The appearance of the oval in architecture has been extensively discussed by architectural historians. Although not an idea originating in the Renaissance, by the beginning of the 1500s the idea of the oval was “in the air”, according to Santiago Huerta. During the discussions of the Council of Trent (1545-1563), which began the Counter-Reformation of the Catholic Church in response to the Protestant Reformation, the circle and square were declared too pagan for Christian churches. According to Hanno-Walter Kruft, the effects of those reforms actually adopted by the Council were varied, but the one known written example of the Council’s resolutions being applied to architecture, Cardinal Charles Borromeo’s Instructiones fabricae et supellectilis ecclesiasticae of 1577, “condemns the circular form as heathenish.” The publication was addressed only to Borromeo’s own diocese of Milan, but gained currency throughout Europe.
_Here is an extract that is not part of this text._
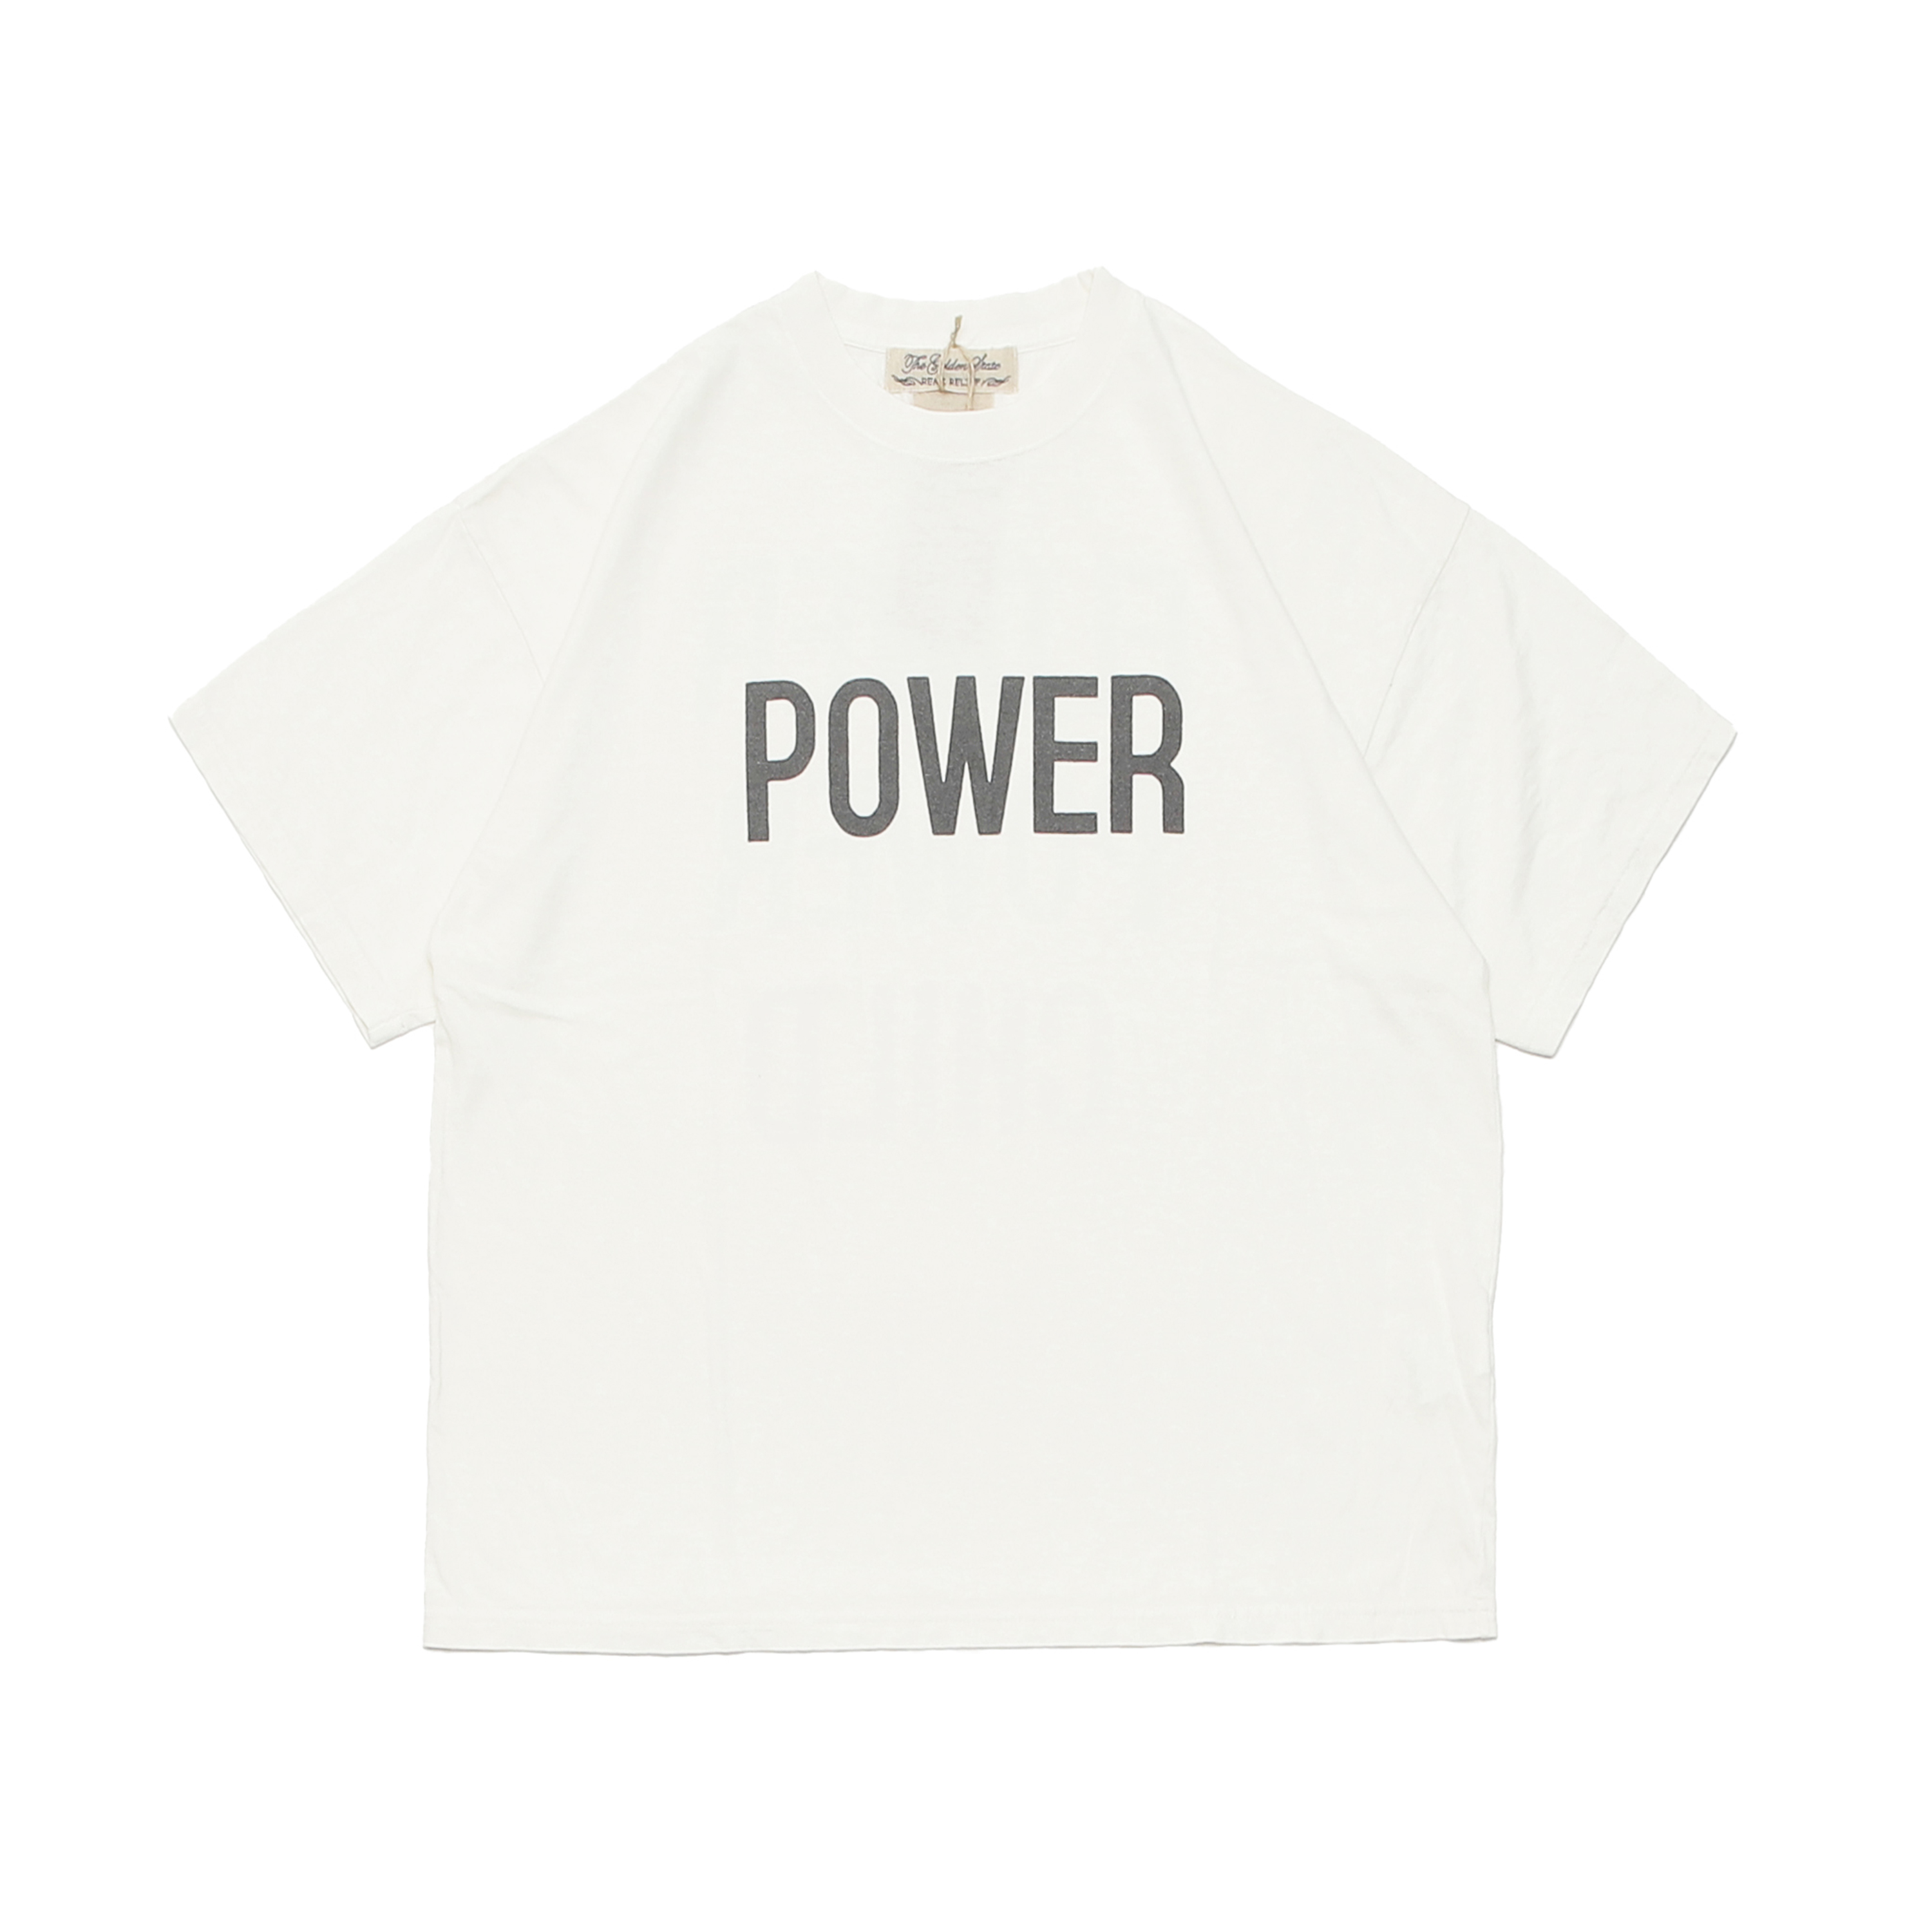 HARD SP FINISH 20 JERSEY BIG SIZE S/S TEE - POWER OFF WHITE

In addition to the oval form’s inherent appeal, its use may have been influenced by the European Age of Exploration, as well as by the theory of the elliptical orbits of planets.
Kendall Wallis writes that the decision to build the national capitol building of the United States with a large dome “took a form laden with symbolic sacred meaning and ascribed a radically secular meaning to it.” The decorative use of coffers is meant to evoke a connection with the classical origins of democracy and republicanism. “It represented the legislative power of the republic”, sanctified. The ideas of religious association and sky symbolism also persisted in their resonance with the providential overtones of America’s sense of its vocation in the world and, more pronounced in the state capitols, in the stars and sky scenes depicted on the domes. Those state capitol domes built after the American Civil War that resembled the second national capitol dome referred symbolically to the Federal government and so to the idea of “the Union”.
Both Hitler and Stalin planned, but never completed, enormous domed assembly halls as part of their efforts to establish global capital cities. Hitler’s Volkshalle, or “People’s Hall”, was meant to have a dome 250 meters wide and hold 200,000 people. The Palace of the Soviets in Moscow was meant to be the tallest building in the world, rising above a domed congress hall 100 meters wide for 21,000 world socialist delegates. The foundations were begun for the Palace of the Soviets on the site of the demolished Cathedral of Christ the Saviour, but technical problems postponed the project and it was abandoned after Stalin’s death in the 1950s. R. J. Overy writes that these were meant to be monuments to dictatorship and Utopian civilization that would last for ages.
According to Giovanni Rizzoni, although the dome traditionally represented absolute power, the modern glass dome of the German Reichstag building expresses both the sovereignty of the people, who as tourists are literally above the legislature while touring the dome, and the accessibility of parliamentary democracy, due to the transparency of the glass dome and the window it provides into the legislative chamber below.